You can change the * to a more restrictive pattern such as *.fits if you don't want to rename all files in the current directory. The quotes around the parameters to mv are necessary if any filenames contain whitespace.
Many other variable substitution expressions are available in bash; see a reference such as TLDP's Bash Parameter Substitution for more information.
I have thousand of files in a directory and each file contains numbers of defined variables starting with keyword DEFINE and ending with a semicolon (;), I want to copy all the occurrences of the data between this keyword(Inclusive) into a target file.
Example: Below is the content of the text file:
/* This code is for lookup */
DEFINE variable as a1 expr= extract (n123f1 using brach, code);
END.
Now from the above content i just want to copy the section starting with DEFINE and ending with ; into a target file i.e. the output should be:
DEFINE variable as a1 expr= extract (n123f1 using brach, code);
this needs to done for thousands of scripts and multiple occurences, Please help out.
Thanks a lot , the provided code works, but to a limited extent only when the whole sentence is in a single line but the data is not supposed to be in one single line it is spread in multiple line like below:
/* This code is for lookup */
DEFINE variable as a1 expr= if branchno > 55
then
extract (n123f1 using brach, code)
else
branchno = null
;
END.
The code is also in the above fashion i need to capture all the data between DEFINE and semicolon (;) after every define there will be an ending semicolon ;, this is the pattern.
It sounds like you want grep(1):
grep '^DEFINE.*;$' input > output
Try using grep. Let's say you have files with extension .txt in present directory,
grep -ho 'DEFINE.*;' *.txt > outfile
Output:
DEFINE variable as a1 expr= extract (n123f1 using brach, code);
Short Description
-o will give you only matching string rather than whole line, if line also contains something else and want to ommit it.

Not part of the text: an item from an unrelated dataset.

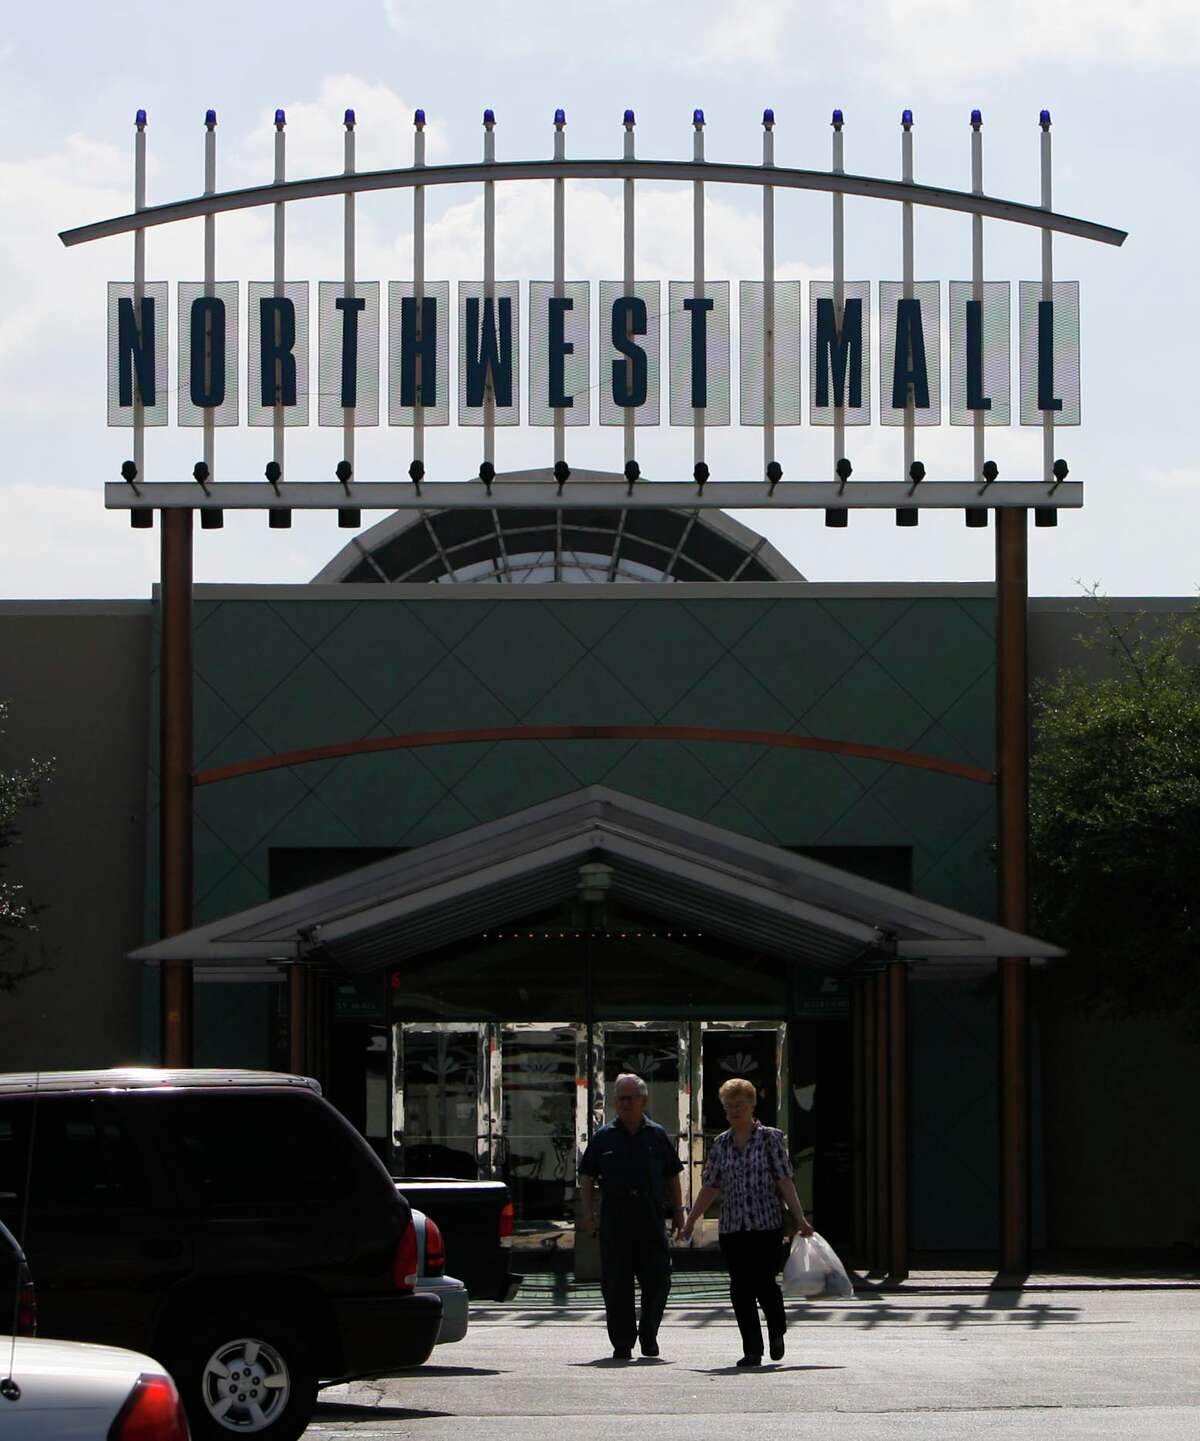 A developer has purchased Northwest Mall shown Thursday, Oct. 4, 2007, in Houston. Larry Levine, a local mall developer, has brought the mall and is considering several options for its development, included mixed-use. ( Melissa Phillip / Chronicle )

-h will suppress file names before matching result
Read man page of grep by typing man grep on your terminal
EDIT
If you want capability to search in multiple lines, you can use pcregrep with -M option
pcregrep -M 'DEFINE.*?(\n|.)*?;' *.txt > outfile
Works fine on my system. Check man pcregrep for more details
Reference : SO Question
One can make a simple solution using sed with version :
sed -n -e '/^DEFINE/{:a p;/;$/!{n;ba}}' your-file
Option -n prevents sed from printing every line; then each time a line begins with DEFINE, print the line (command p) then enter a loop: until you find a line ending with ;, grab the next line and loop to the print command. When exiting the loop, you do nothing.
It looks a bit dirty; it seems that the version sed15 has a shorter (and more straightforward) way to achieve this in one line:
sed -n -e '/^DEFINE/,/;$/p' your-file
Indeed, only for this version of sed, both patterns are treated; for other versions of sed like mine under cygwin, the range patterns must be on separate lines to work properly.
One last thing to remember: it does not treat inclusive patterned ranges, i.e. it stops printing after the first encountered end-pattern even if multiple start patterns have been matched. Prefer something with awk if this is a feature you are looking for.